A 56-year-old Caucasian male with a 6-year diagnosis of PD who was being treated with high dose carbidopa-levodopa and left DBS of the ventral intermediate nucleus (VIM) presented after a suicide attempt. The patient was found to be severely depressed and had exhibited behavioral changes in the weeks leading up to the attempt. Imaging was performed to assess positional changes of DBS and carbidopa-levodopa dosage adjusted while under close observation in the inpatient unit.
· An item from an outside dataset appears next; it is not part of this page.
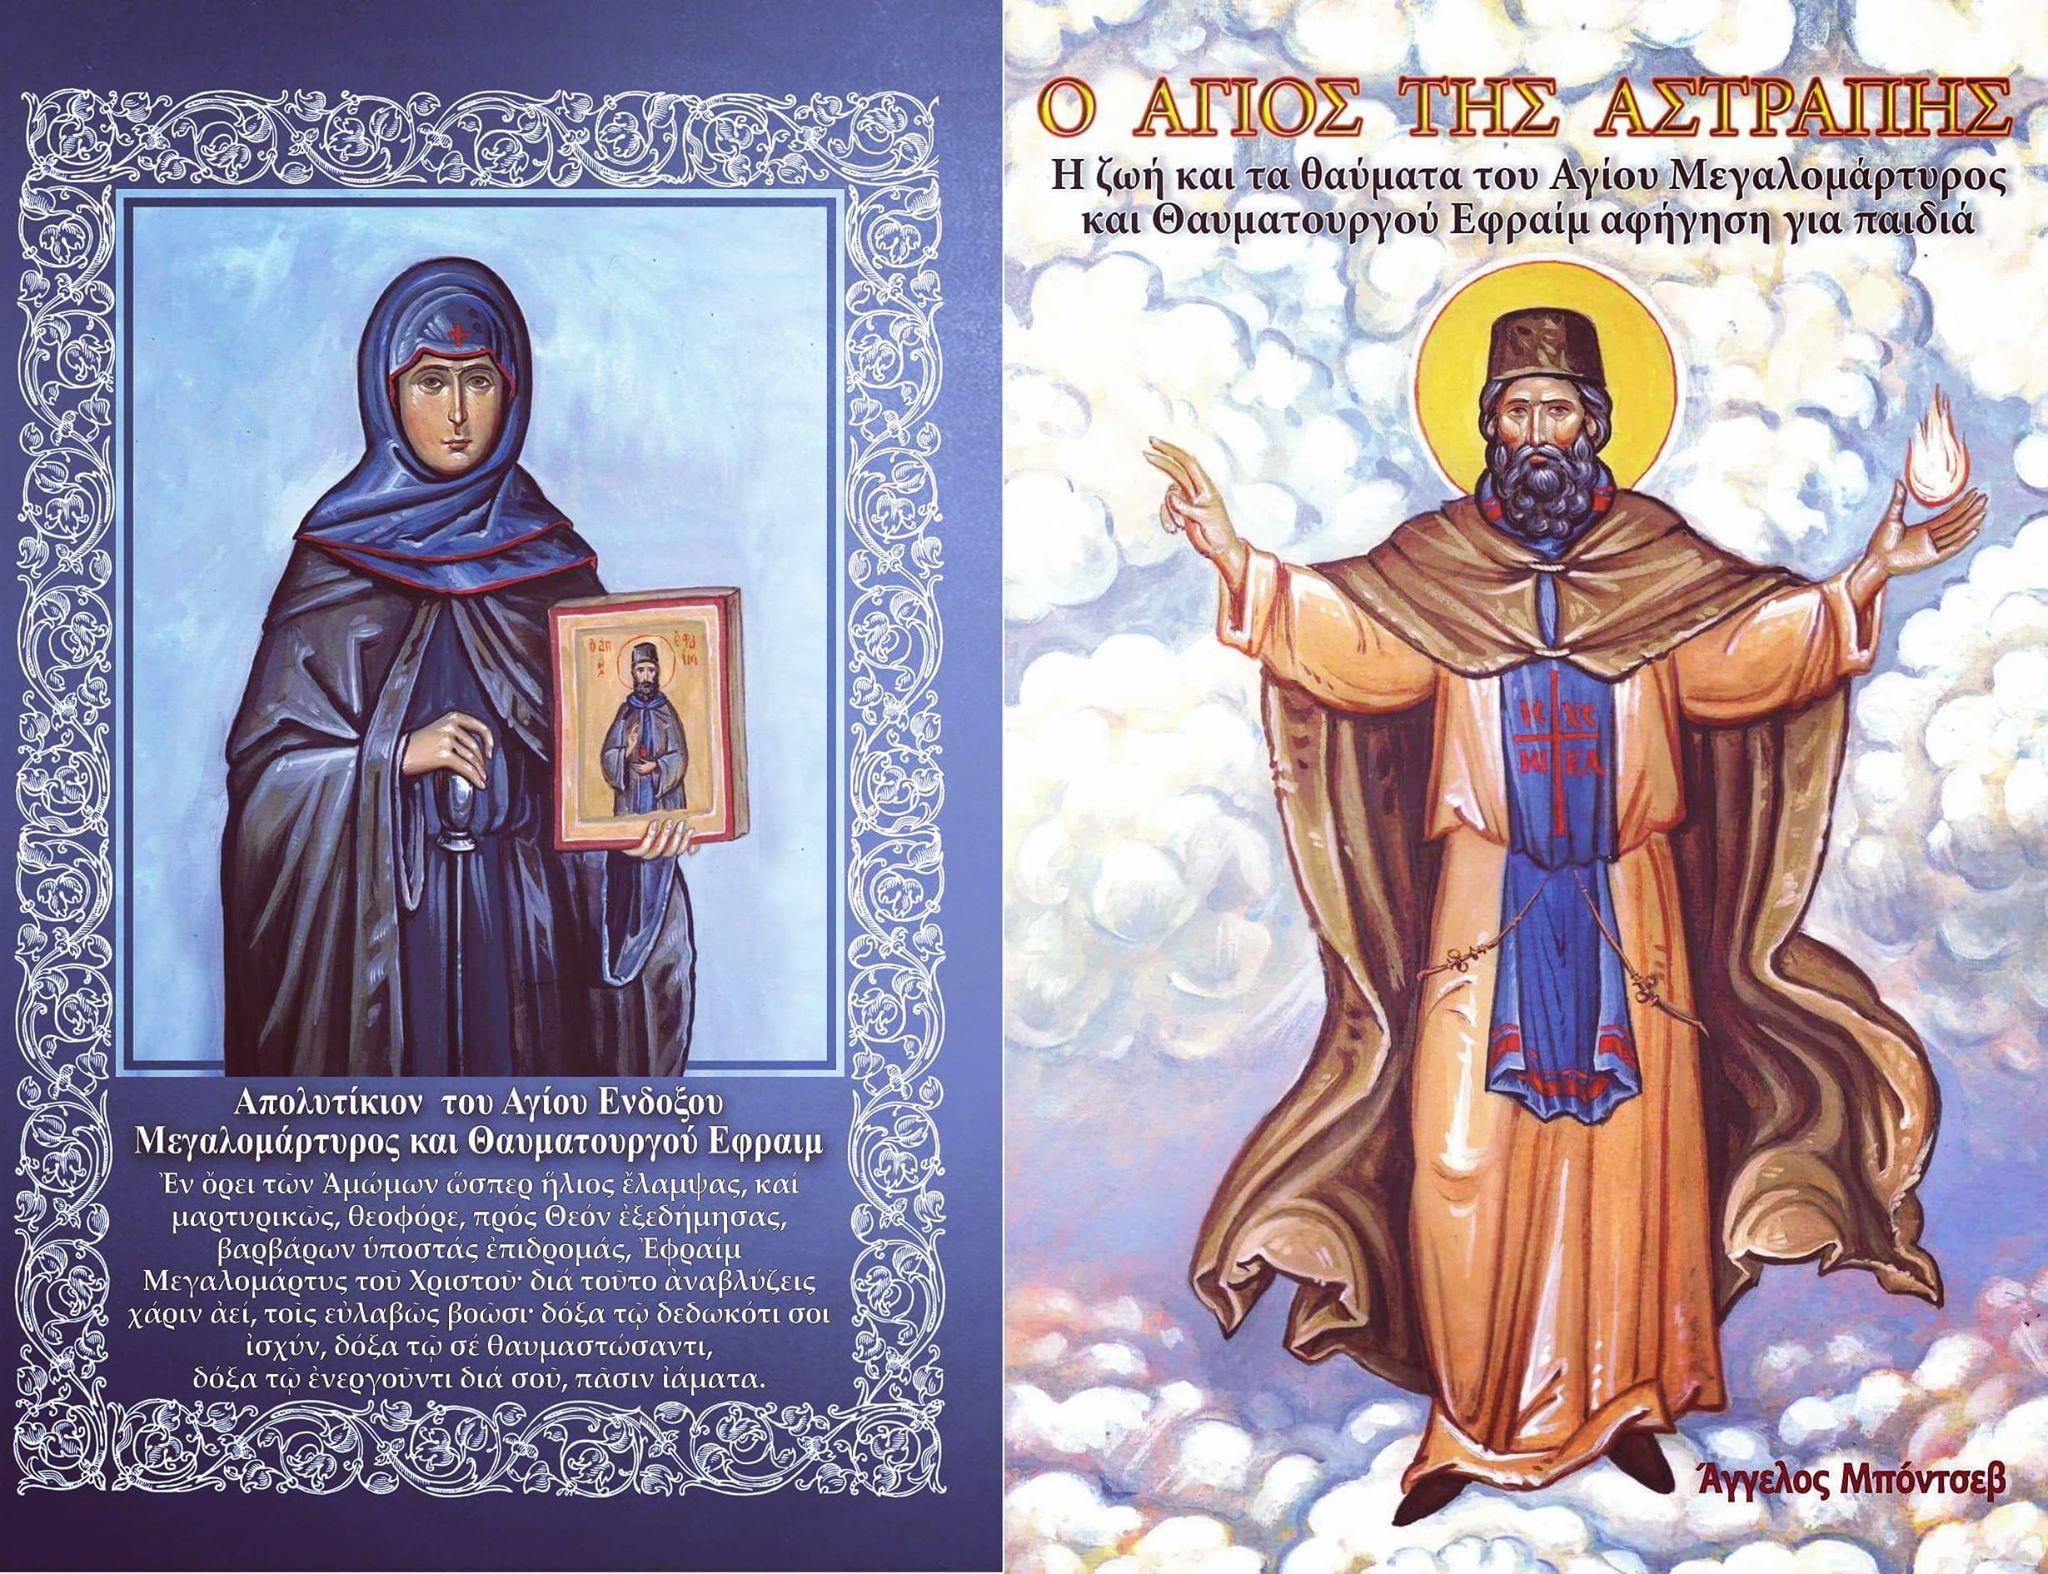 «Ο Άγιος της αστραπής» ένα Βιβλίο για τον Άγιο Εφραίμ της Νέας Μάκρης που λατρεύτηκε στη Βουλγαρία

The patient was started on fluoxetine to treat the depressive symptoms and was eventually discharged with close monitoring.

DISCUSSION

With PD and DBS being associated with behavioral changes and depressive symptoms and carbidopa-levodopa therapy being linked to behavioral changes such as impulsivity, it is important that these patients be closely monitored and research analyzes how these factors may interact and lead to an increased risk of suicide. Furthermore, when symptoms appear, a clear protocol must be established on managing these patients. We therefore recommend an approach that utilizes imaging to assess any changes in DBS placement, dose management of carbidopa-levodopa, and behavior monitoring in an inpatient setting.

摘要

引言

帕金森病(PD)是一种复杂的疾病,通常使用多巴胺能药物如卡比多巴 - 左旋多巴进行治疗,如今还采用深部脑刺激(DBS)等创新干预措施。虽然帕金森病常伴有抑郁和冷漠,但研究必须阐明其治疗方式是否具有累加或协同效应,从而导致自杀风险增加。深部脑刺激与抑郁、行为改变和自杀倾向有关,而多巴胺能治疗也已被证明会引起诸如性欲亢进和冲动等行为改变。鉴于目前同时使用深部脑刺激和卡比多巴 - 左旋多巴治疗帕金森病的情况很常见,了解如何妥善管理出现这种症状重叠的帕金森病患者至关重要。

病例报告

一名56岁的白种男性,患帕金森病6年,正在接受高剂量卡比多巴 - 左旋多巴治疗,并接受了腹中间核(VIM)的左侧深部脑刺激,在一次自杀未遂后前来就诊。发现该患者严重抑郁,在自杀未遂前几周就出现了行为改变。进行了影像学检查以评估深部脑刺激的位置变化,并在住院部密切观察的同时调整了卡比多巴 - 左旋多巴的剂量。该患者开始服用氟西汀治疗抑郁症状,最终在密切监测下出院。

讨论

由于帕金森病和深部脑刺激与行为改变及抑郁症状有关,且卡比多巴 - 左旋多巴治疗与冲动等行为改变有关,因此密切监测这些患者非常重要,并且研究应分析这些因素如何相互作用并导致自杀风险增加。此外,当症状出现时,必须制定明确的方案来管理这些患者。因此,我们建议采用一种方法,利用影像学评估深部脑刺激植入位置的任何变化、卡比多巴 - 左旋多巴的剂量管理以及在住院环境中的行为监测。